Sam now had only his reflexes to protect him from the creature when it turned on him.
It was nowhere near enough to save his life.
This time, it was Sam who found himself pinned to the wall, while Mica raised her gun uselessly. The shadow limbs were like ice against his flesh, digging deep into his bones with death-like cold. He had managed to hold on to his Beretta, but it wasn't going to do him much good pointed at the ceiling. The thing was lowering its faceless head to his and it felt a lot like the time he'd almost had his soul sucked out by a shtriga, except this time Dean wouldn't be there to save him.
And who's fault is that? the survivor's guilt whispered in that timeless moment before death. He was tired, so tired of everyone around him dying. He had lost everyone he'd ever cared about. There was nothing left except revenge, and that really wasn't much. Not enough keep him from feeling relieved as the strength left his body.
It's another memory, except this time Sam's seeing it for the first time. There's a girl, the hospital, Dean's voice..
"No offense, but...that's crap.

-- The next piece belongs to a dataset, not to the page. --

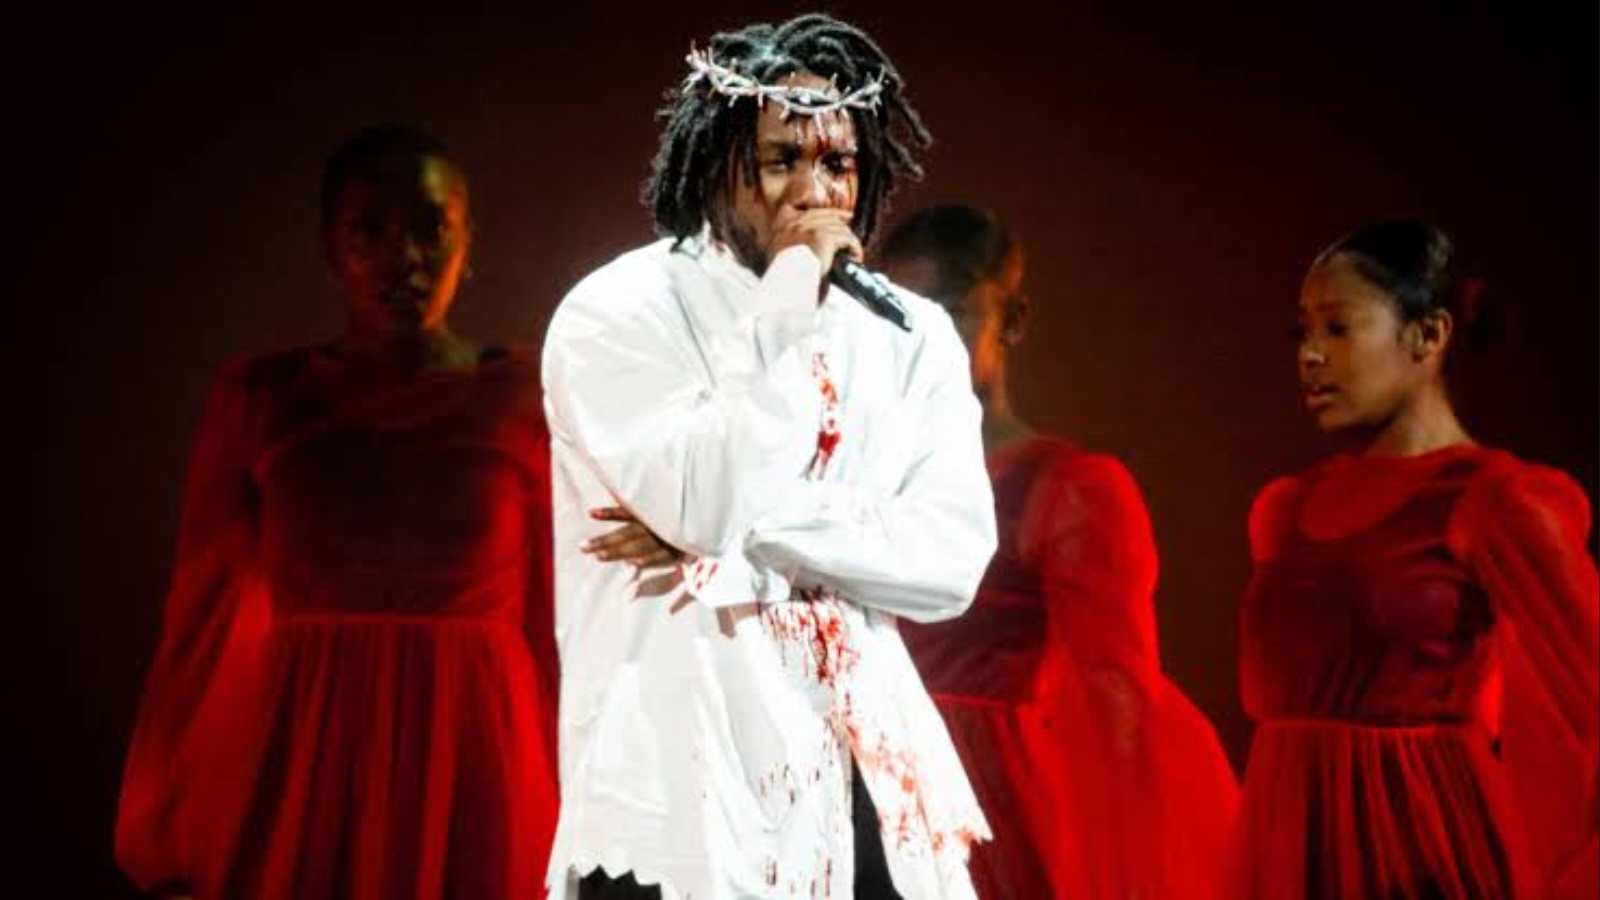 Kendrick Lamar during his Glastonbury performance

You always have a choice. Now, you can either lie down and die, or..."
Sam felt it coming before he saw it, like the static prickle before a lightening strike. Then an enormous streak of black slammed past him and flattened the lilu like a freight train. Sam gasped as the spikes of grave-cold were torn from his body. It took him no more than a fraction of a second to steady himself and raise his gun, but when he did, there was nothing to shoot at. Mica, on the other side of the room, had come to the same conclusion and was simply staring.
The lilu was struggling with another shadowy spirit-creature. It was trying to dissipate and flee, but its attacker held it fast, all claws and teeth and luminescent eyes. The sound of its throaty snarls filled the room like ten Rottweilers fighting over the same bone, while the lilu shrieked in pain. It was a short, brutal fight.

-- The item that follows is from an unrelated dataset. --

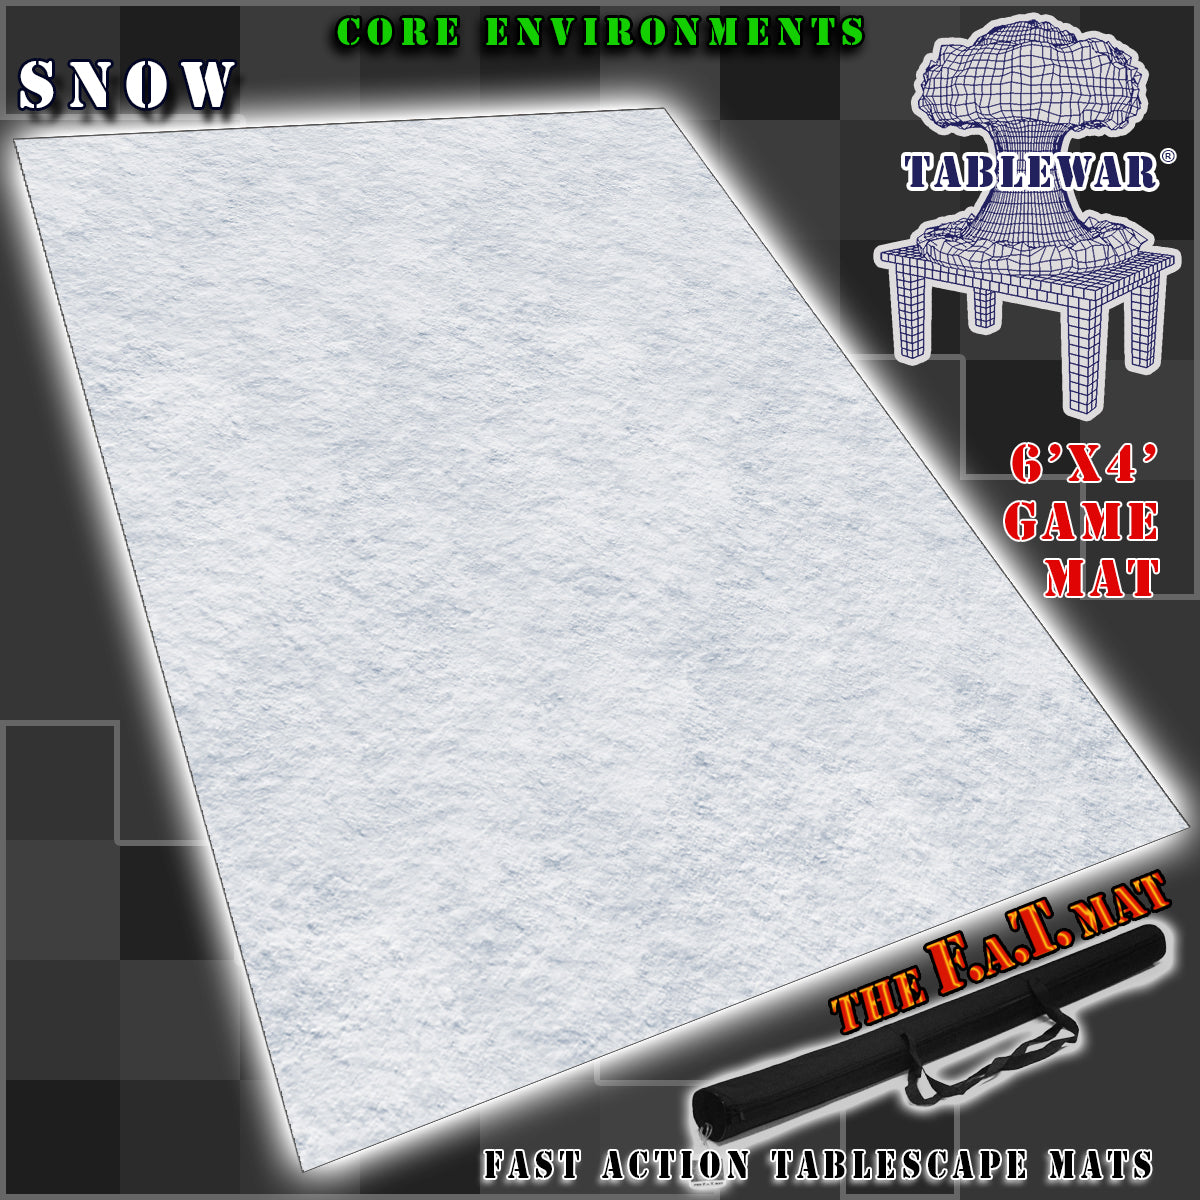 6x4 'Snow' F.A.T. Mat Gaming Mat – TABLEWAR®

As the lilu lost its strength, things slowed down enough for the newcomer to be clearly visible. It was a gigantic black dog, at least as long as a man, with a head that was almost as wide as Sam's chest. It had locked its enormous jaws on the lilu's throat and was squeezing hard, still snarling like a hellhound.
The lilu dissipated for the final time, melting and corporealizing into a pile of brownish-yellow bones. The dog's teeth clicked shut on empty air as they tumbled to the floor. It stopped its snarling and poked its nose around in them, as if to ensure that they were no longer a threat. Then it raised its head and sniffed derisively.
"Jesus Christ," Mica breathed, and it could have been a curse or a prayer.
The huge head swiveled towards Sam and the golden eyes bored into his. Recognition drove away the fear and suddenly it was all Sam could do to stay on his feet.
He knew that look. It was the one they always shared when things got hairy but turned their way in the end. It was lingering adrenaline and fierce pride. It was the Winchesters' way of screaming fuck you at the dark.
It meant that Dean still had Sam's back, on the hunt or not.
Sam swore one of the golden eyes winked before the apparition flickered away.